So for how much longer should we plan to procrastinate? (I know, not an
entirely fair question, but we have to make the step at some point)

I guess we can give a name to the target, and we can make drive-backup
automatically connect the target with the original as its backing file
(still needs the refcounting, by the way). But is giving a name to the
target not enough to allow "interesting" things to be done? I don't
remember the details from the mirroring discussion, but it seems it were
enough that you didn't want to do it.

And we'll want to reference existing BDSes as backing/protocol files in
blockdev-add soon anyway, so if we decide against it here, it's just
moving from Fam's to-do list to mine...

So no, I'm not totally comfortable with allowing it, but not allowing it
isn't really an option either.

Kevin
Paolo Bonzini July 17, 2013, 2:16 p.m.

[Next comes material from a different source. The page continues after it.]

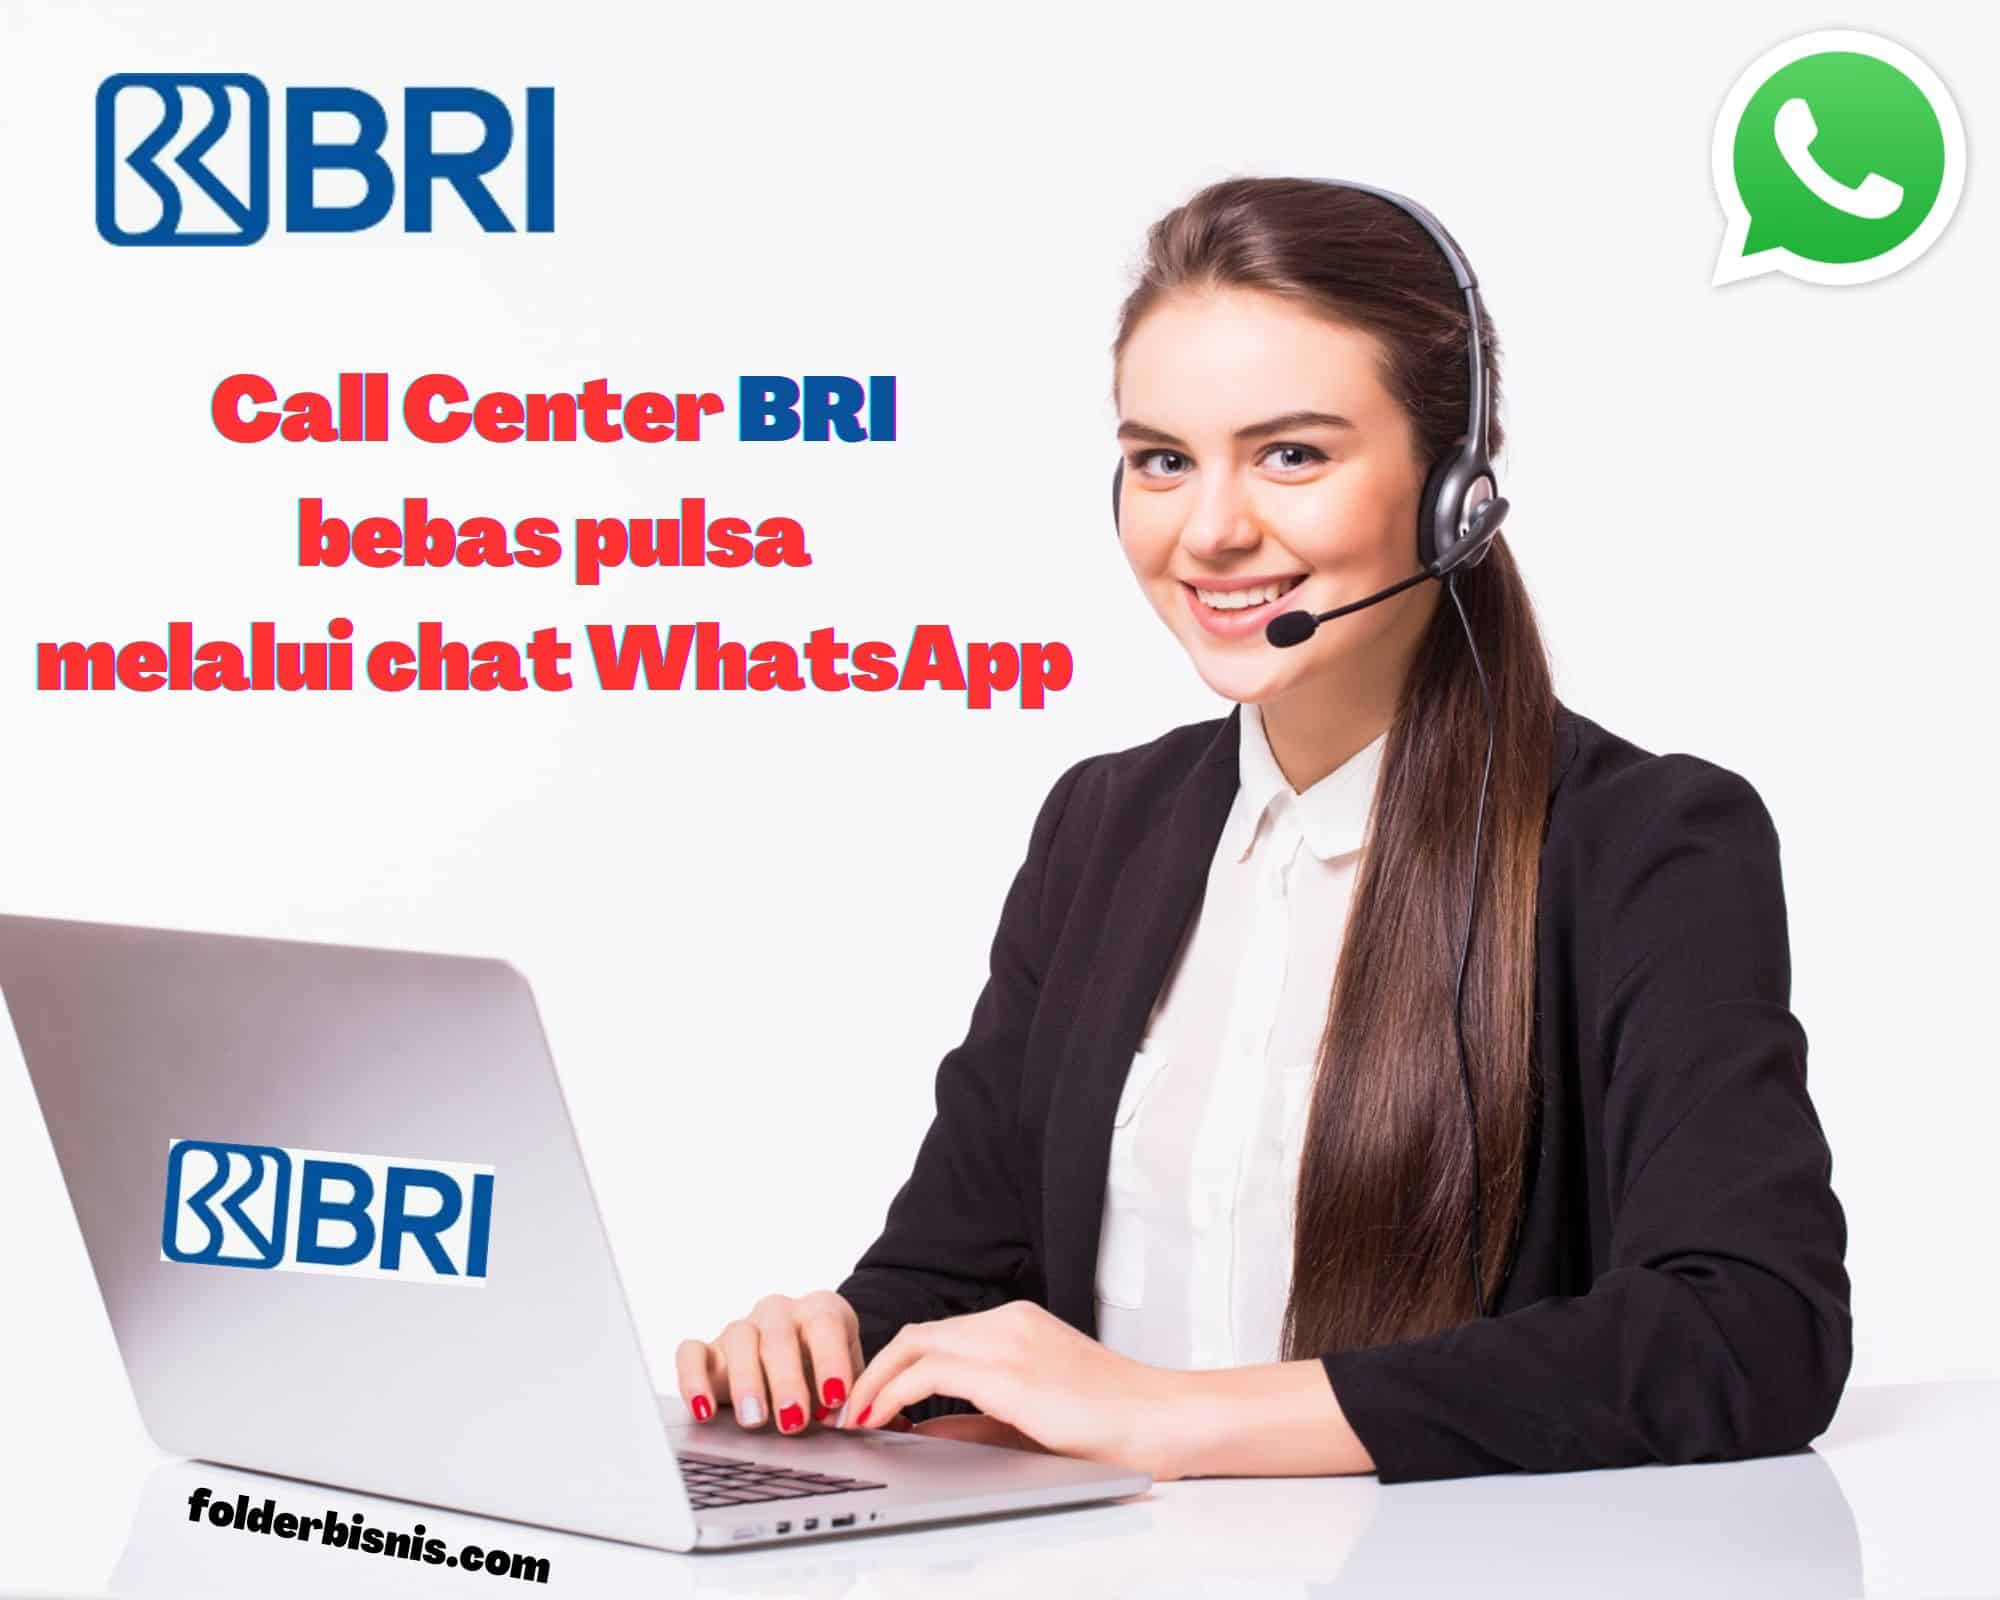 Call Center BRI WhatsApp Bebas Pulsa, Begini Cara Menghubunginya
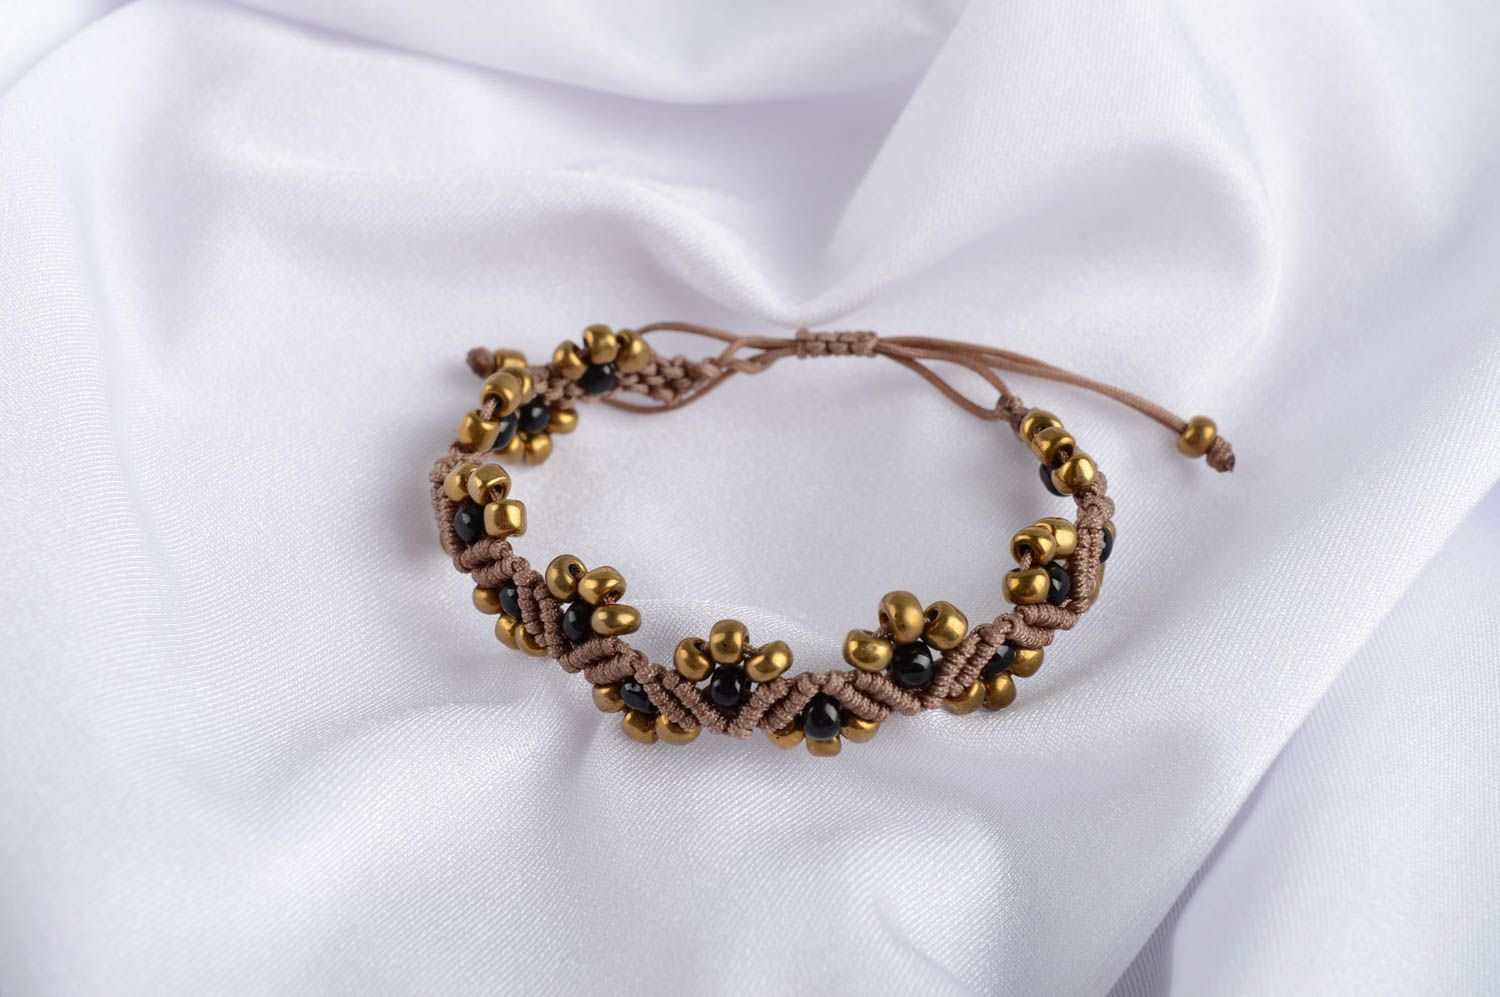 Handmade bracelet designer bracelet beaded bracelet beads jewelry gift for girl photo 1

UTC | #5
Il 17/07/2013 15:48, Kevin Wolf ha scritto:
>> I understand this is the right thing to do long term, but pre-opening of
>> the target is not really needed for fleecing.
> 
> So for how much longer should we plan to procrastinate? (I know, not an
> entirely fair question, but we have to make the step at some point)

If we bring it up during soft freeze, we will procrastinate it a lot. :)
 If we bring it up at the beginning of a release cycle, the wait could
be as short as 1 month...

> I guess we can give a name to the target, and we can make drive-backup
> automatically connect the target with the original as its backing file
> (still needs the refcounting, by the way).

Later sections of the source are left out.